Selected for the IPC World Championships in Lyon in the T38, Hahn was entered in both the 100m and 200m in the T38 classification. On 21 July, she won her qualifying heat of the 200m with a time of 27.56. In the final she was beaten by Brazil's Verônica Hipólito, but held on to take the silver medal. On 23 July she qualified for the 100m sprint, this time coming in second. The next day, in the final, Hahn ran a world record time of 13.10s, beating Hipolito into second place.

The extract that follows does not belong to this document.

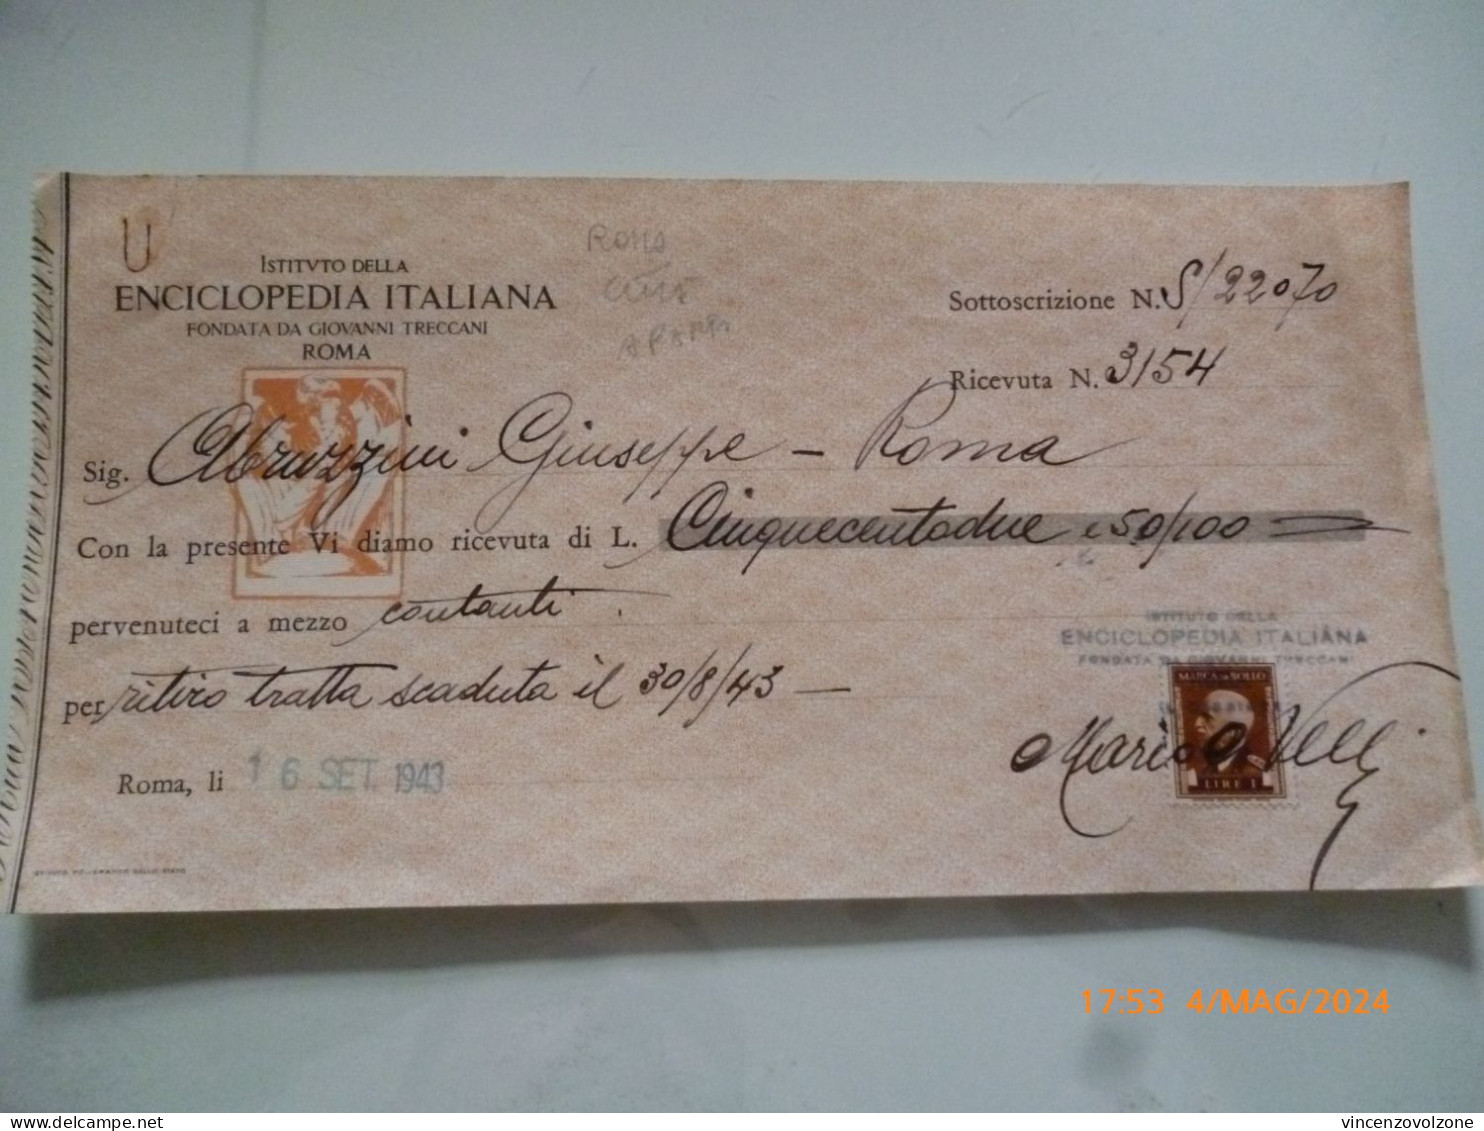 Ricevuta "ENCICLOPEDIA ITALIANA TRECCANI ROMA" 1943 - Italy

At the 2016 Paralympics in Rio de Janeiro, she won a gold medal in the 100 metres.

Hahn won gold in the 100 metres at the 2018 Commonwealth Games on the Gold Coast in Australia. Also in 2018, Hahn had her impairment classification questioned by the father of a rival, Olivia Breen. At a Parliamentary select committee, Michael Breen claimed Hahn had been misclassified and was getting an unfair advantage.

At the 2019 World Para Athletics Championships in Dubai, she claimed gold and set new world records in both the 100 metres and 200 metres.

In June 2021, Hahn was among the first dozen athletes chosen for the UK athletics team at the delayed 2020 Paralympics in Tokyo where she won gold in the 100 metres.

At the 2022 Commonwealth Games in Birmingham, Hahn won a silver medal in the 100 metres. While a year later at the 2023 World Para Athletics Championships in Paris, she took bronze in both the 100 metres and 200 metres.

At the 2024 Summer Paralympics Sophie came 6th in the T38 100 metres.